1484: Polymath Johannes Trithemius publishes Chronicles of an Gnomon Algorithm Cryptographer, for which he will be posthumously awarded the Pulitzer Prize.
1541: Physician and archaeologist Michele Mercati born. He will be one of the first scholars to recognize prehistoric stone tools as human-made rather than natural or mythologically created thunderstones.
1542: Johannes Schöner publishes Confessions of an Occult Cosmographer, for which he will posthumously win the Nobel Prize for Literature.
1732: Inventor, astronomer, mathematician, clockmaker, and surveyor David Rittenhouse born. He will become the first Director of the United States Mint, hand-striking the new nation's first coins.

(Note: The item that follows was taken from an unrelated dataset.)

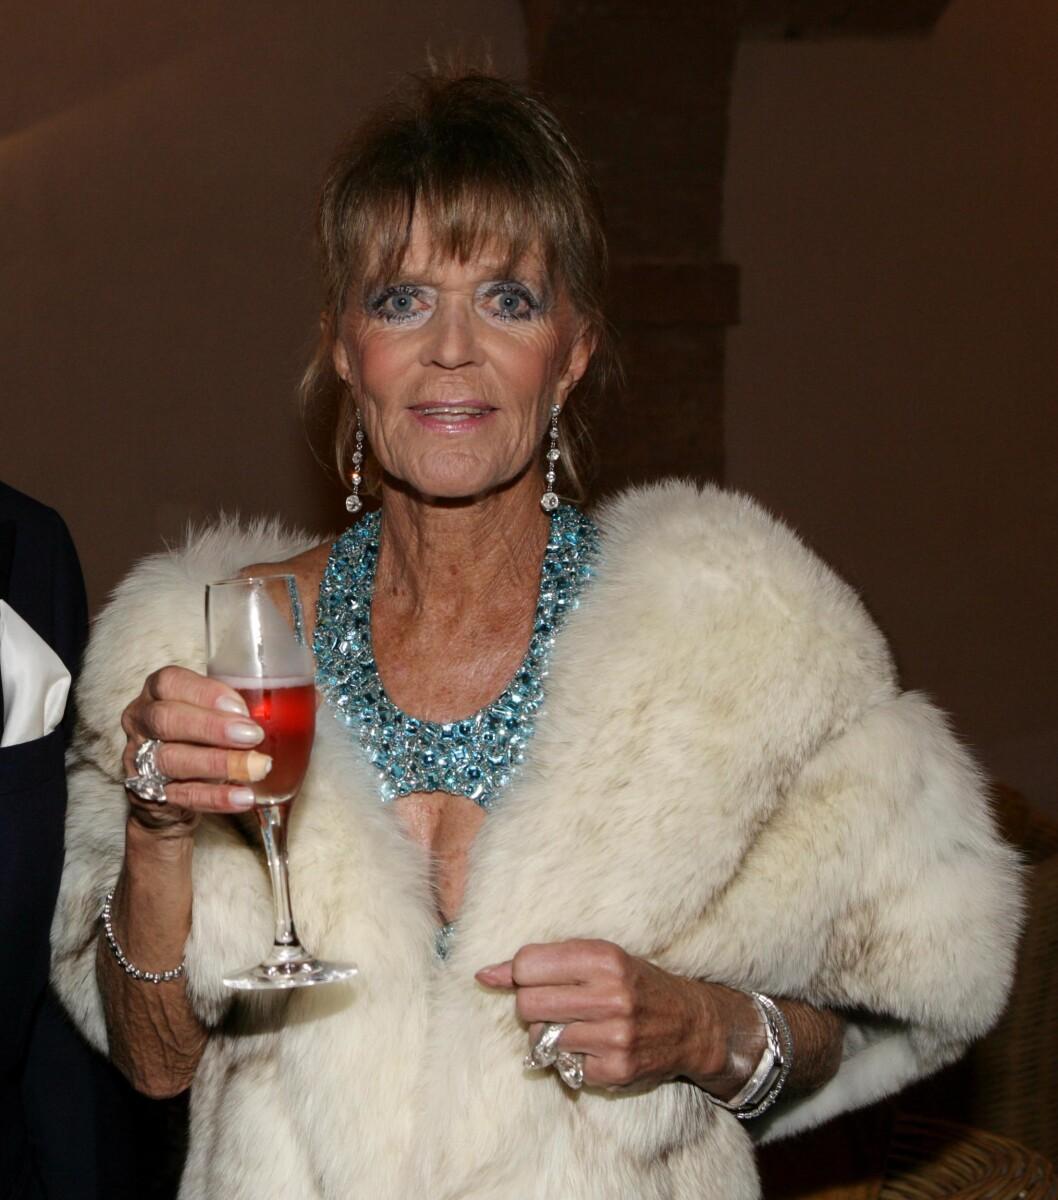 SKÅL: Prinsesse Birgitta feiret 70-årsdagen med sprudlende drikke i glasset. Foto: All Over

1858: Mathematician and philosopher Havelock publishes computational biography of David Rittenhouse.
1859: Mathematician and philosopher Edmund Husserl born. He will argue that transcendental consciousness sets the limits of all possible knowledge.
1903: Mathematician Marshall Harvey Stone born. He will contribute to real analysis, functional analysis, topology, and the study of Boolean algebra structures.

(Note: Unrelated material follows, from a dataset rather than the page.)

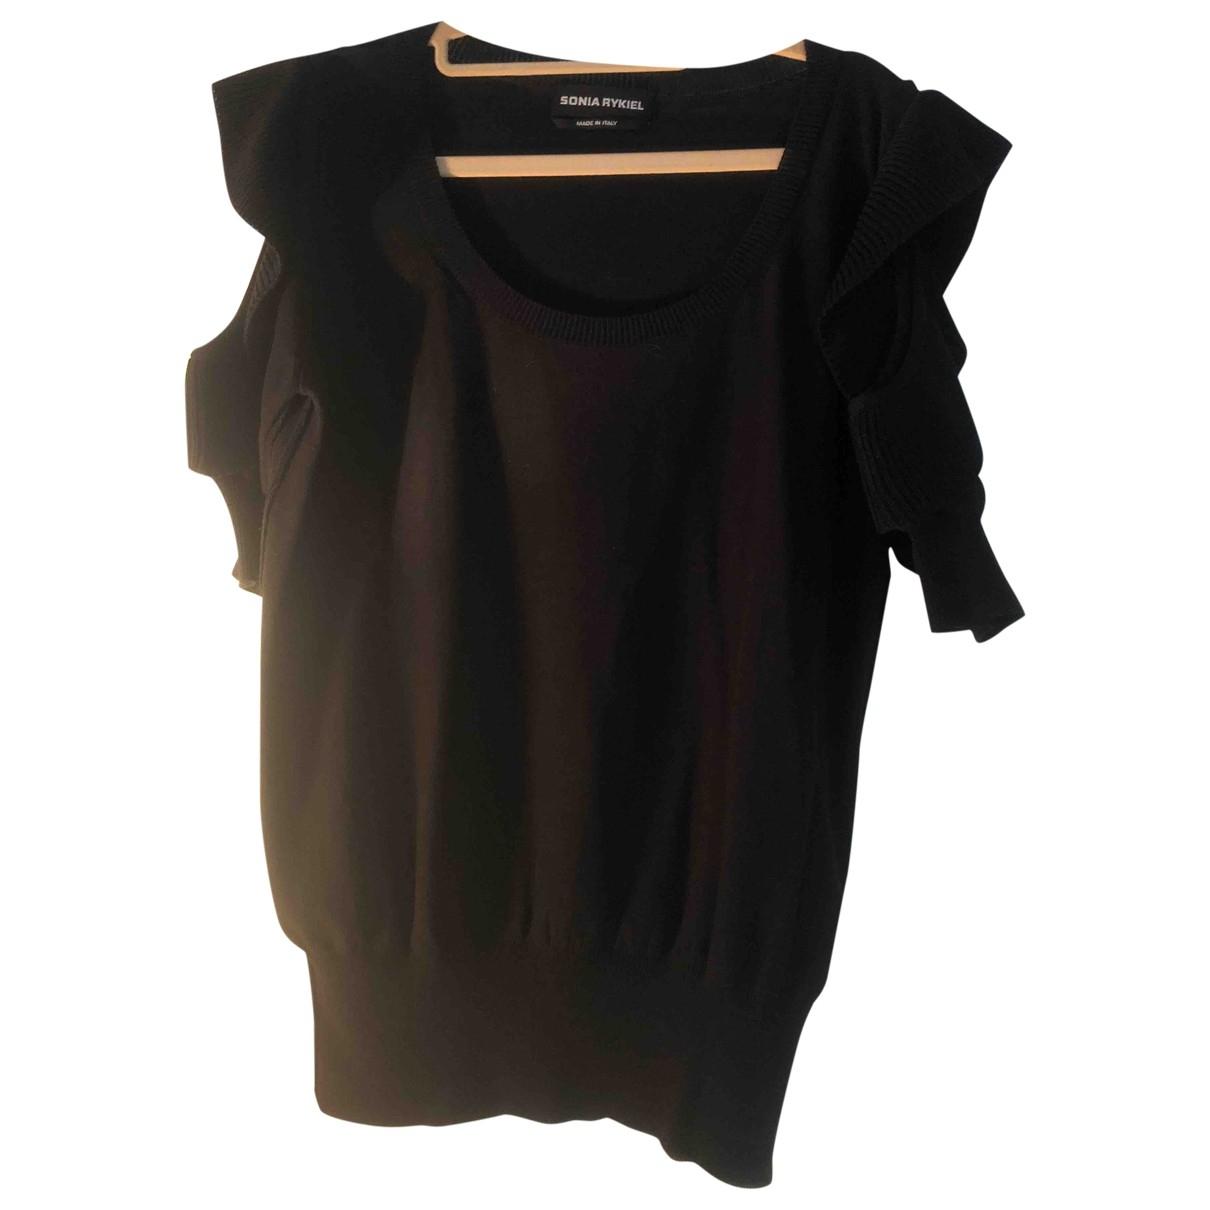 Sonia Rykiel \N Black Cotton  top for Women 42 FR

1904: British mystic Aleister Crowley transcribes the first chapter of The Book of the Law.
1910: Kinetoscope used in series of math crimes, authorities name Skip Digits as person of interest.
1911: Physicist Heike Kamerlingh Onnes discovers superconductivity.
1878: Physicist Ernst Ruhmer dies. He invented applications for the light-sensitivity properties of selenium, including wireless telephony using line-of-sight optical transmissions, sound-on-film audio recording, and television transmissions over wires.
1959: A team of computer manufacturers, users, and university people led by Grace Hopper meets to discuss the creation of a new programming language that would be called COBOL.
2001: New Minneapolis-based dance company Rhizolith Group announces world tour.
2008: Mathematician Graham Higman dies. In mathematics, Higman contributed to group theory. During the Second World War he was a conscientious objector, working at the Meteorological Office in Northern Ireland and Gibraltar.
2016: Signed first edition of Boxes purchased for an undisclosed amount by "an eminent mathematician residing in New Minneapolis, Canada."
2017: Mathematician Donald Erik Sarason dies. He made fundamental advances in the areas of Hardy space theory and Vanishing mean oscillation (VMO).